I am short some NIO 18-strike call options (name at $18.7) expiring next week and today got assigned 15 before the big CPI print. It is a non-dividend paying stock with high realized vol, so material insurance value still remains. It is never optimal to early exercise a positive-carry stock, letting alone it is not yet deep ITM; why did you do it Joe?
Yeh, that doesn't make sense. If there was any extrinsic value left on those options (which there should have been since it still had a week to go and it is near the money), it would have made more sense to simply sell the options rather than exercise. If I was the broker and a client asked to exercise the options in that case, why not simply sell the options instead of exercising them, then buy shares on the open market and sell to the client at 18/share. Then pocket the difference as risk-free profit? So I don't see how that situation would happen. Sometimes I will let ITM calls expire ITM and get auto-exercised and then go short shares into the close right before expiration because it's cheaper to transact shares than options for my broker. I might do the same thing if the options were so deep ITM that there was no extrinsic value left -- delta hedge with shares and then exercise.
There was a lot, approx. 50 cents at the start of that day and close to $1 at the end (start of the day is relevant as the exercise could have been done anywhere in the day). Indeed, enjoy the free money, this won't happen often!

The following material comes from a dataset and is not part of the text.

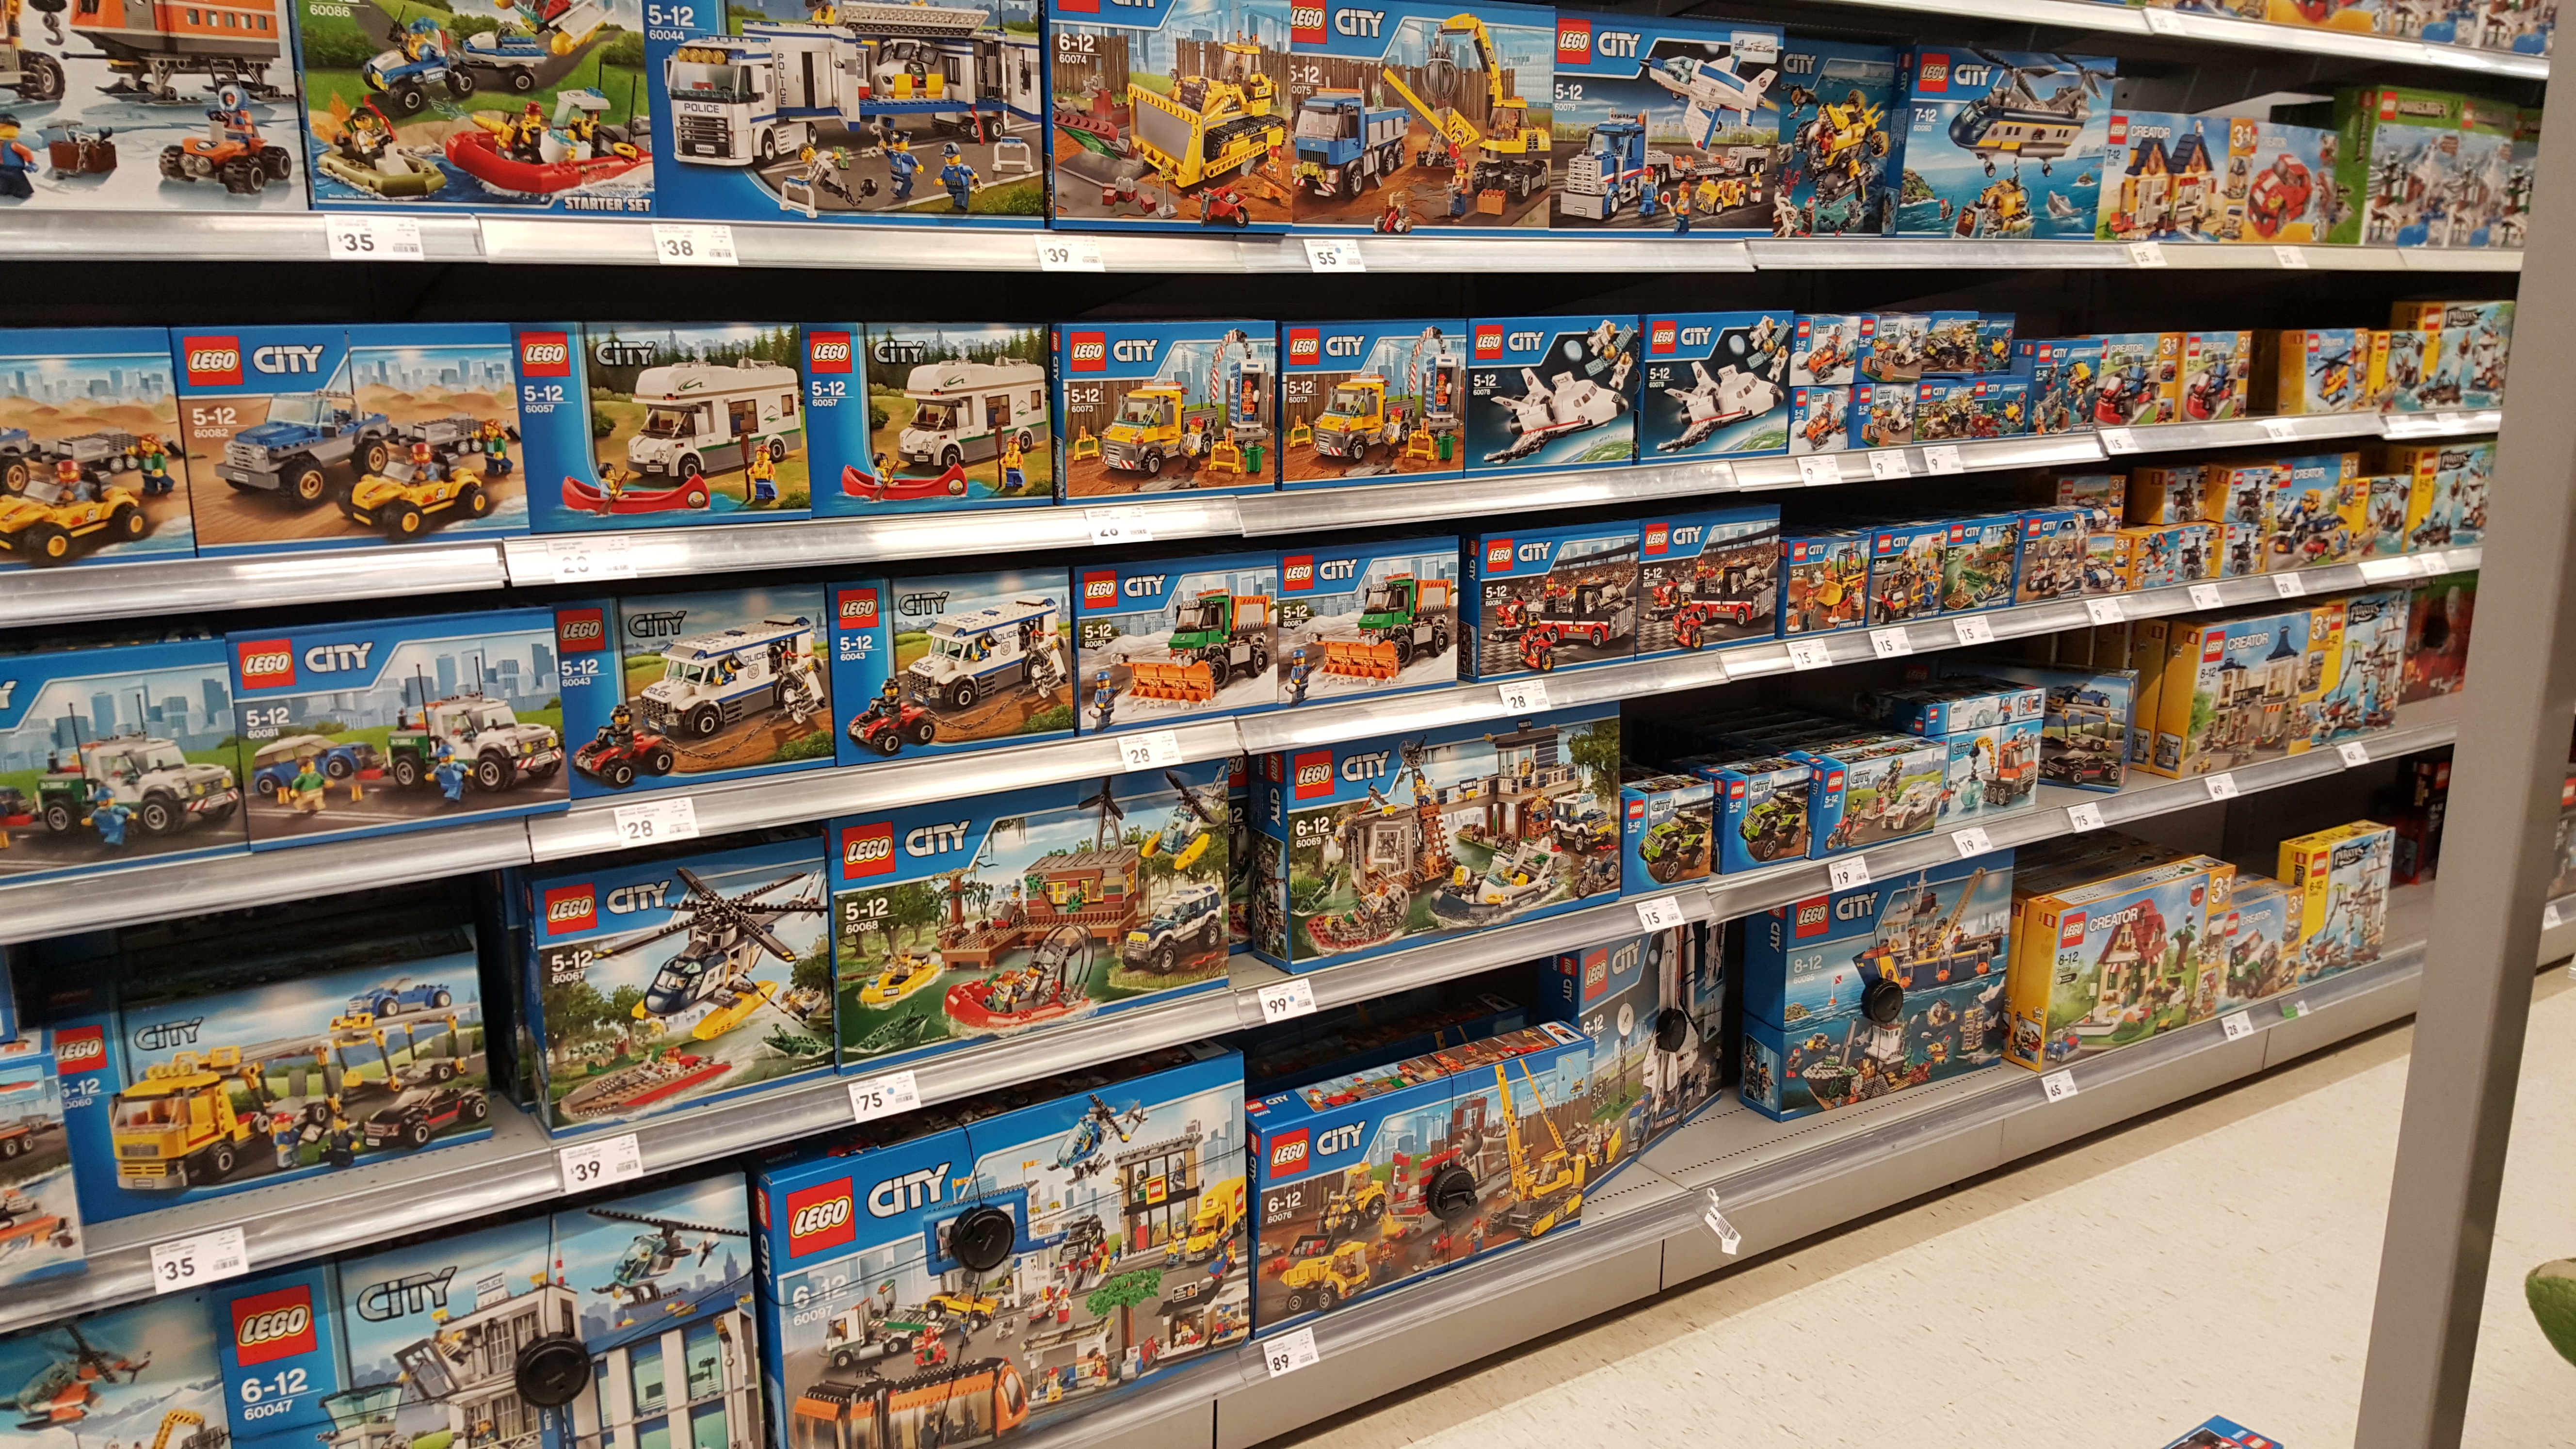 New Lego City Ninjago Star Wars And Minecraft Sets Available At

Wait a minute, the strike on the call option is $18 and yet somebody exercised the call option against you when the underlying is only at $15???? I think whoever exercised the option is a noob and probably wanted to sell a call to protect against a drop in price but bought a call instead and then exercised the call thinking it would protect them from a drop in the underlying's price. LOL That's the most probable explanation that I can think of. I wonder if we are going to get a question on here by somebody asking "I thought selling a call would protect me from a drop in price in the underlying stock but I exercised a call and I ended up paying a higher price than the underlying's price in the market, what gives??" Like @traider said, enjoy the free money!! This kind of free fall doesn't come by often.